We left Philadelphia and decided to drive on up the road to check out Trenton, New Jersey. When we got there, we saw that it was actually a crummy little town. BUT I saw that if we continued on up the road for another 10 miles or so, we would come to Princeton. As soon as we started leaving Trenton, the landscape started getting prettier and the homes fancier. The town of Princeton was gorgeous, and then we saw the campus. It was very old and very spread out, with lots and lots of trees, but it was probably the most beautiful campus I had ever seen. The buildings themselves were just random, with lots of trees in front, so I never could get a good picture to share with you.

In the campus area there was also a very trendy little shopping area that reminded me of something you might see in Carmel or something. Very cute. We didn't stroll the streets at tha point since it had passed from drizzle to rain, but we enjoyed driving up and down the streets. At one point, we saw a courtyard area with hundreds of chairs. It only took me a minute to figure out that that was graduation day. As we continued to drive along (it was around 4:45 at that point), we started seeing people, including a couple in caps and gowns, walking toward that area, so we figured we'd better get out before the traffic got too crazy. I felt a couple of emotions when I saw the graduates -- one was "wow, good for you for graduating from Princeton", and the other was "bummer that it's raining on your graduation day".

Random Road Report, Part I

When we were driving into Philadelphia, I had seen there was a toll road going in from New Jersey. As we got closer, we saw a sign that said the toll was $3. We commented on how that was on the higher side (tolls in the San Francisco bay area usually run $1 or $2). But we were in for a shock. When we came to the toll booth, the guy said $9! After we composed ourselves and asked why, the guy said it was because our dually pickup was over 7,000 pounds, and if we looked at our registration, he could prove it. I don't know if that was true or not (although it probably was), but he had a real smart-mouth attitude so it made the $9 payment even harder.

The next day when we went into Philly, I looked on our atlas and saw an alternate route that wasn't green (the designation for a toll route), so we decided to go a little out of the way to go that direction. Again, we drove up and saw a toll booth -- good grief! Michael asked this guy whether the other guy was blowing smoke (we had wondered whether or not the other guy had decided to just take advantage of some Oregonians). He said, "no, it's based on weight." Michael said, "well the weight is not on our registration like the other guy said, so what is it based on?" This guy was a smart-mouth too, and he said "do you want to talk to a cop?" Michael said "YES!" Great.... So we pulled over to the side, ahead of the booth, and waited a couple of minutes for a couple of New Jersey cops to come over. We had a nice conversation (I told Mike to be nice!), and I guess neither one of the toll guys were blowing smoke, so we decided we would go ahead and pay the toll, even though it was a rip off. We couldn't figure out how to drive back around and pay. The cops were already heading back to their cars, so I yelled at one of them to ask him where we turn around. He looked around a bit, and I could tell by his demeanor that he realized there was no easy way to do it, so he said "just go on this time." YEAH! Our toll average just decreased to $4.50! ;-)

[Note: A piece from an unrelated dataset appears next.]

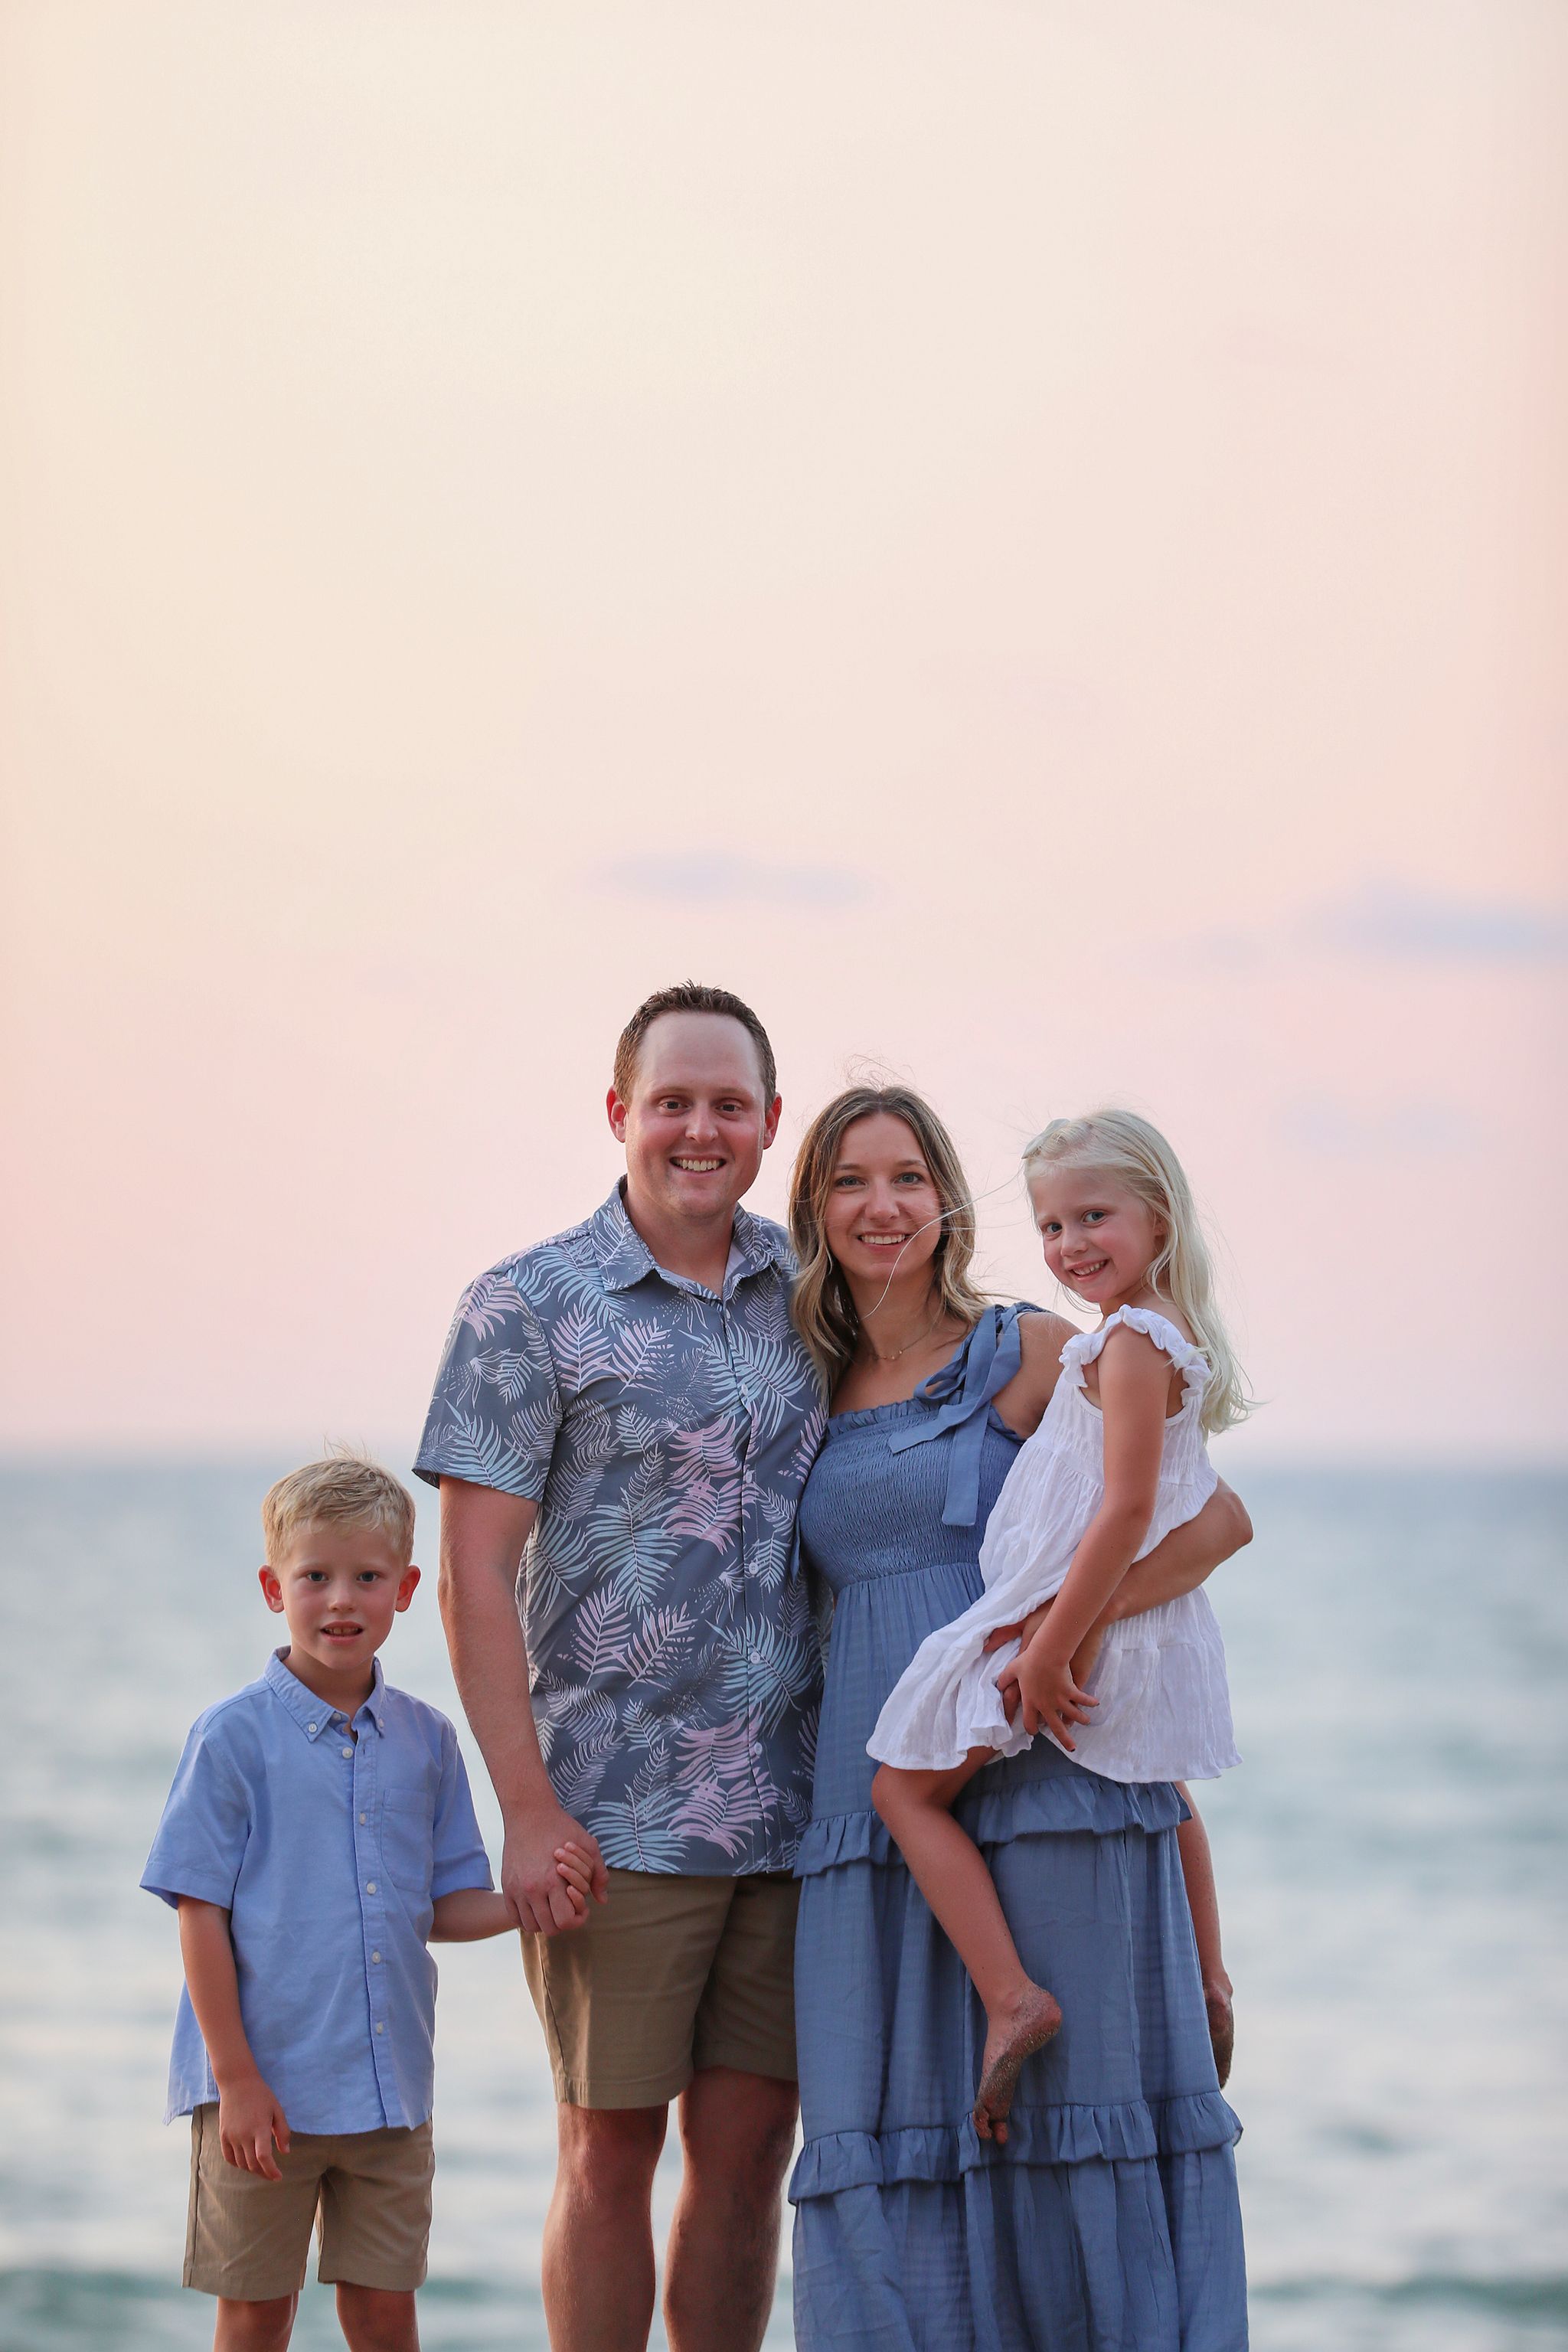 Family Beach Day Photo Session - 40 Minute Session

On to something else -- between Clarksboro NJ (where we stayed) and Trenton NJ, it seemed that there was a Dunkin' Donuts about every mile. I couldn't believe how many we saw -- and wondered how they were all supported! (Of course, we did our best to support the local economy and got a few donuts ourselves!).

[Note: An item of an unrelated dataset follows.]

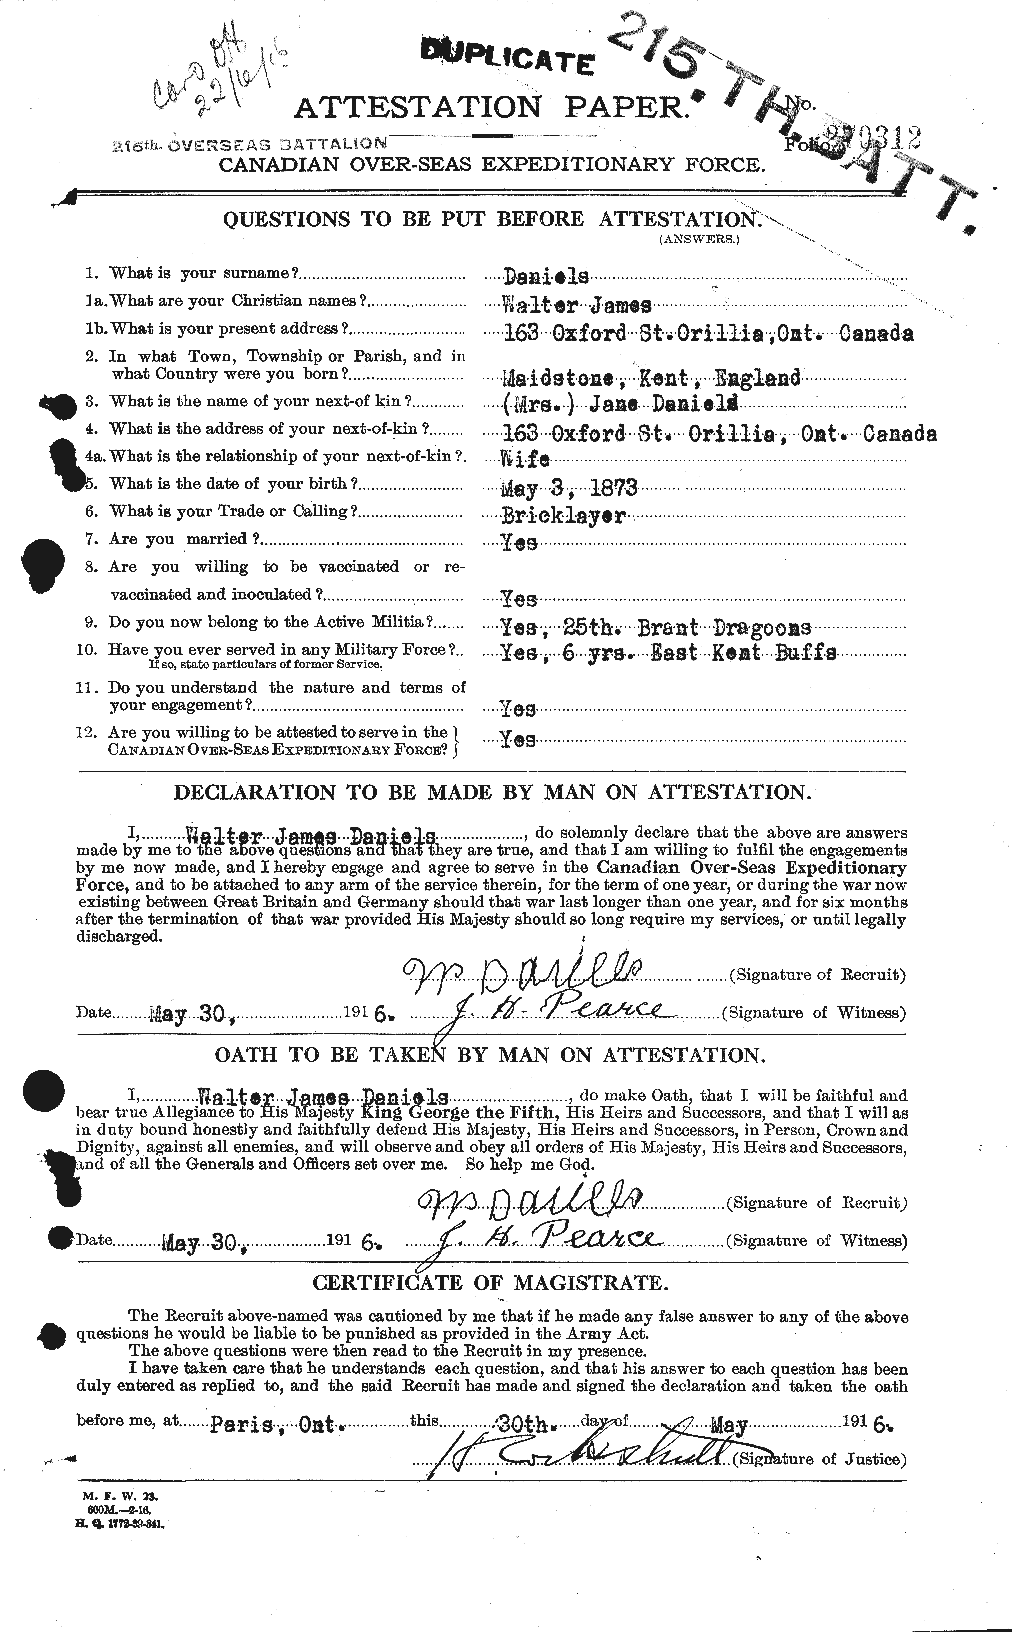 Personnel Records of the First World War - CEF 279683a

There are a lot of "townships" around this part of the world (as well as boroughs and cities). As you come up to a directional sign, in order to save space, instead of saying "township", it will say "Twp of ---". That makes me laugh every time, because I see the word "twerp" there. (OK, maybe it's just me). ;-)

Off to Washington

We visited Washington DC about 6 years ago, and saw a lot of stuff, so we had decided that we probably wouldn't stop there this time. We thought it would be too hard with the fifth wheel, and too expensive to find a park close to DC. However, it was difficult to be so close and NOT go, so we decided to look for an RV park. We found the perfect place, not too far from DC, not too expensive, and close to the bus and then metro rail, so we were going to get to go after all.

When we got set up, we just had about a half day, so didn't want to go into DC that late. Instead, we headed for Prince William Forest Park, a national park (that I had never heard of) that was close to Quantico Marine Base. They had a 7-mile scenic loop and bike trail there, so we took our bikes.

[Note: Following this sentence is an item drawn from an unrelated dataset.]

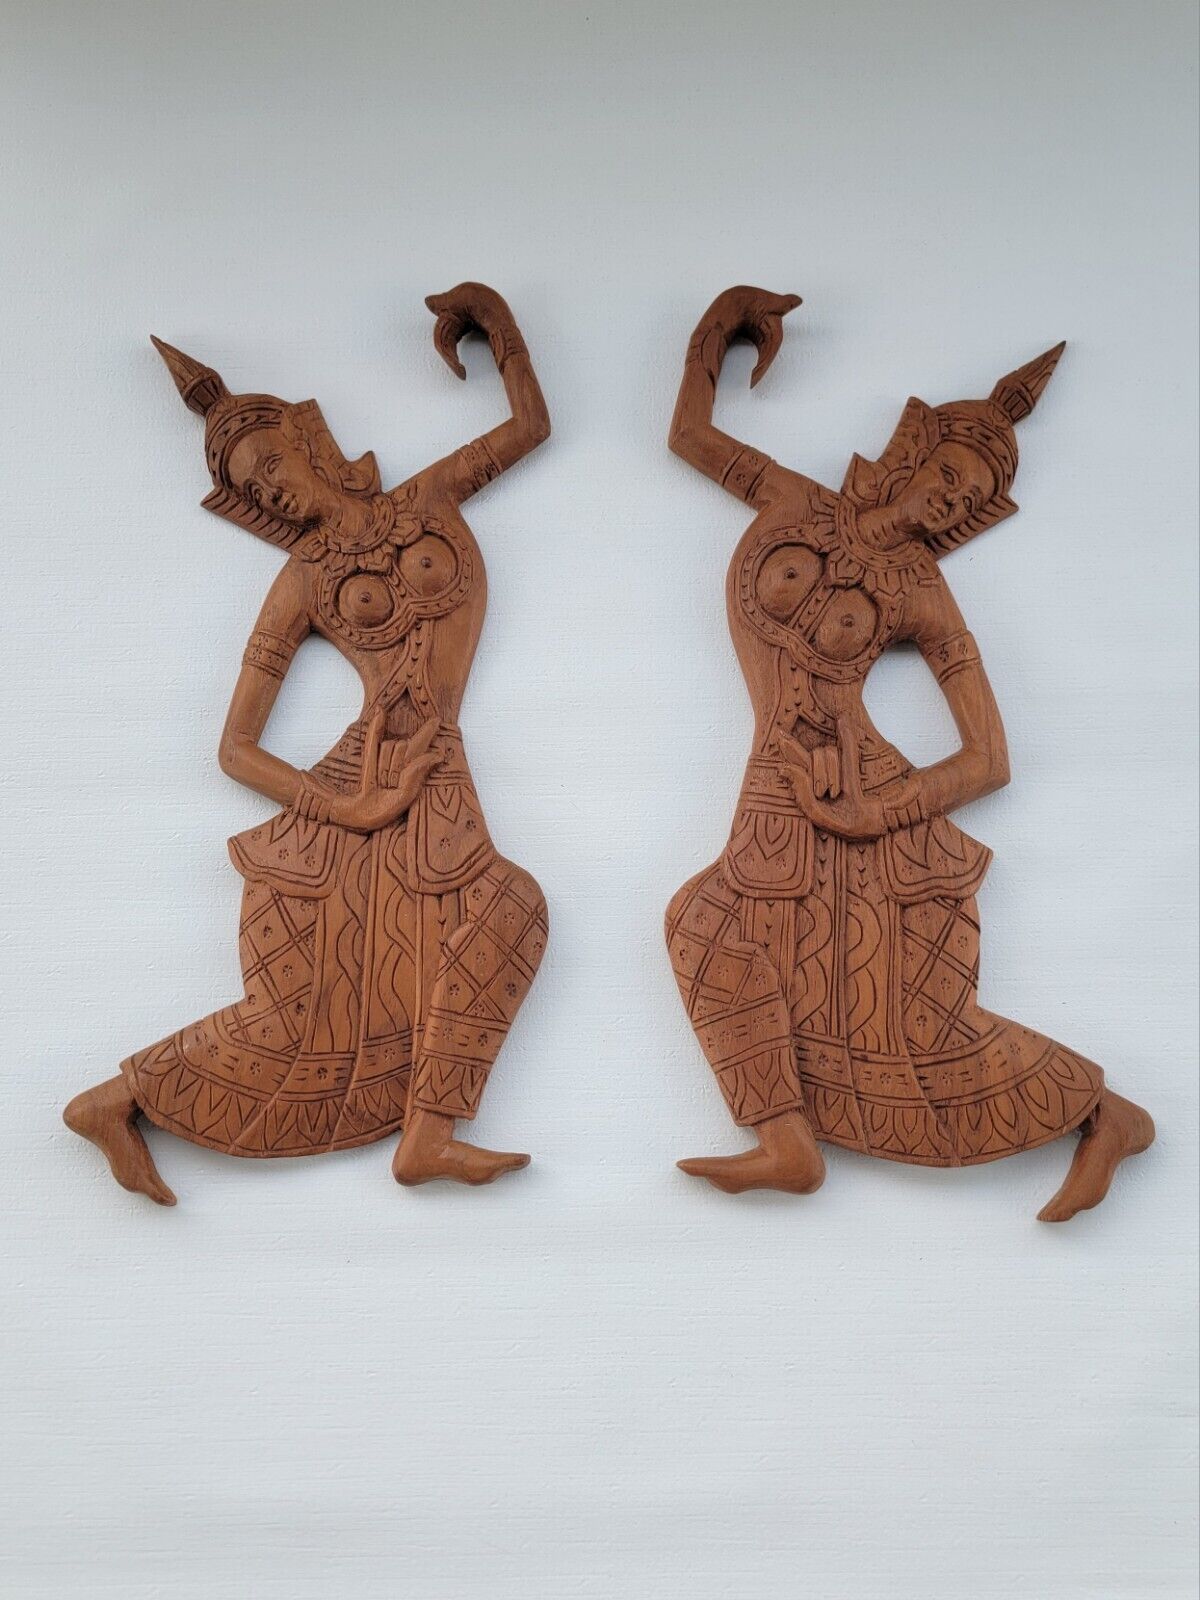 SET OF 2 WALL SCULPTURES, STUNNING VTG WOOD CARVING - Asian Dancing Women - SIAM

When we got there, we thought it looked a little hilly, but not too bad. But they had a cool set up. Around most of the scenic loop, it was one-way traffic on a two-lane road. The right lane was for cars, and the left lane was just for bikes. It was nice to ride that far without having to worry about cars.

The hills were pretty balanced at the beginning. We would ride for a bit on an uphill, but then there would be a little downhill soon in order to recuperate. It was all working out well. I think there were probably more uphills than downhills, because on the other side of the park, we found ourselves in a very long downhill. I've never gone so fast on my bike! I hit my brakes a few times just to slow it down, but I smelled burning every time. It was exhiliarating, but also a bit scary (especially considering my not-so-long-ago bike crash history!). But all good things must come to an end, and there was a huge uphill after that. We ended up walking our bikes halfway up.

Into DC

The next morning, we took the bus to the Metro Station, then the Metro into DC. I must say that DC has one of the best mass transit systems in the country -- easy and quick. We bought an all-day pass so we could go anywhere we wanted.

When we came to DC before, we had seen all the usual stuff -- the White House, Capital, Smithsonian American History Museum, Lincoln Memorial, etc. My goal on this trip was to see some of the other stuff we hadn't seen before. Our first intended stop was the Ford Theater where Lincoln was shot. But after getting off the Metro and walking a few blocks over, we found out it was closed for renovation. Bummer. But right across the street from there was an old hotel where Lincoln was brought and was cared for until he died. They had all the original stuff in the same room -- including the bed he died in. Again, I just stood there and imagined what it was like that day and seeing Lincoln lie in that bed, and all the chaos in the room. It was interesting being there.

We got back on the Metro and rode two stops down to the Smithsonian area. However, our first stop there was the Holocaust Museum. Matt had been there before and had recommended it. And even though it sounded very interesting, I knew it would be pretty heavy. (When I told Mike that we were going to start the day with where Lincoln was shot and then the Holocaust, he said, wow, this is going to be a fun day). ;-)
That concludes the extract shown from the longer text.